Shed of the Week | Mazda MX-5 1.8 (NC)

Don't judge a book by its cover – or an MX-5 by its mess…

By Tony Middlehurst / Friday, 25 August 2023 / Loading comments

Shed’s late dad was quite a character. Often, ‘quite a character’ is the polite term for a git, and Shed wouldn’t challenge you over that in regards to his dad whose favourite phrase was ‘there’s nowt wrong with good honest dirt’. You were supposed to infer from this comment that he was a hard worker, when in reality he was just too idle to have more than one wash a week.

Shed Major’s catchphrase came back to haunt him once when an unpaid bill resulted in a skipload of horse dung being dumped into his front garden. Today’s Shed, a gen-three MX-5, looks like it might have been pulled out from the bottom of that heap. It’s been hanging around on PH Classifieds like the proverbial bad smell for a good few weeks now. Shed has had his eye on it all that time and now, with the price reduced to a mere £1,399, he presents it here for your nose-pinching inspection.  

Many of you will be looking for telescopic bargepoles at this point but those of you with less jerky knees will realise what could be on offer here. Underneath the crud is a very late (January 2009 registered) pre-facelift NC1. Cleaned up, it’s supposed to weigh 1,190kg. The 1.8 engine produced 125hp at 6,500rpm and 123lb ft at 4,500rpm and should be good for a mid-9sec 0-62mph time. The official combined fuel consumption figure is 38.7mpg and the annual road tax, or whatever you choose to call it, should be £290.

So far so good, and there’s more potential good news in the MOT history. Despite appearances to the contrary it’s actually not been left standing immobile in a yard for years. Months maybe, but not years. It’s actually done over 6,000 miles since 2020, most of it between June ’21 and the last MOT in November ’22 when the clock does seem to have stopped. The main fail item then (a broken anti-roll bar) plus the three other major defects picked up at that time (one reg plate bulb, one dipped headlamp bulb and some gunged-up windscreen washers) were all put right for the successful re-test, leaving the same advisory for a sticky rear brake caliper that this car has had for the last three years and which, as any MX-5 owner will tell you, is practically part of the MX-5’s design.

If you leave any car in the wrong place for long enough Mother Nature will efficiently cover it in a thick layer of bio-debris. The removal process won’t always be effortless, but the thought of what this one might look like after half an hour with the pressure washer should surely spur you on to greater endeavours. De-ponging the inside might not be as laborious as you might think, either, if Shed’s eyes aren’t deceiving him and the slightly dropped driver’s side window has been like that for a while.

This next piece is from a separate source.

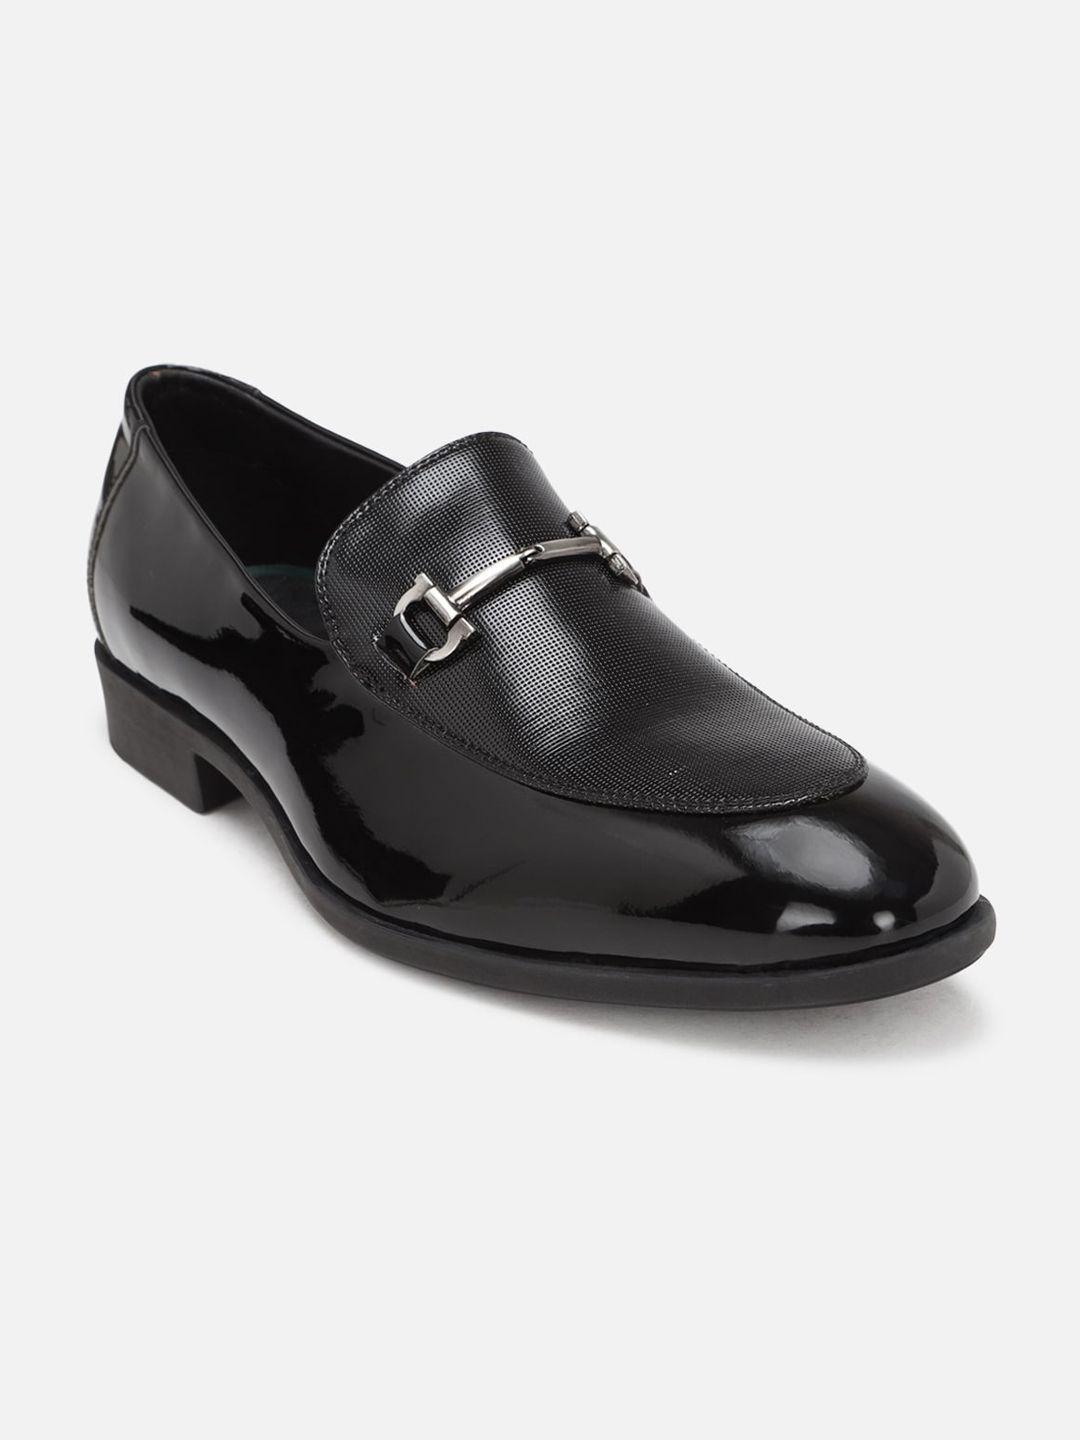 peter england men textured leather formal slip-on shoes

Interior mould could then be an issue however, and that is nasty stuff. Shed remembers a TVR Griffith that a well-known UK motoring mag was running as a long-termer in the early 1990s. Well, ‘running’ was perhaps putting it too strongly. Reliability problems quickly transformed it from the car everyone on the staff wanted to take home to the one that the work experience bod was forced to drive. Workies were pretty rare back then, so often as not the car was left to fester untouched for weeks. Mould took a fierce grip on the cabin. An early Griffith is now worth decent money, so that car is almost certainly still knocking about, but at the time serious consideration was being given to writing it off.

Solid, MOT’ed NC MX-5s below £2k aren’t that common. Mechanically, they’re strong. 1.8s that sound diesel-ish might be suffering from nothing more than ‘gear rollover’ noise. This can be more prevalent in summer, but in any case Mazda said it was perfectly normal. Cambelt idler pulleys and tensioners could be rackety too. Low oil levels will create a nasty noise, as you might expect, but engines will often be OK when the level is topped up. Tough little blighters these.

Barn finds are all the rage on YouTube nowadays. Most of them seem to be in the US, Brits generally being too poor and/or stingy to let this sort of thing happen. The last thing Shed found in a barn was the postmistress, but that was pre-arranged so doesn’t count.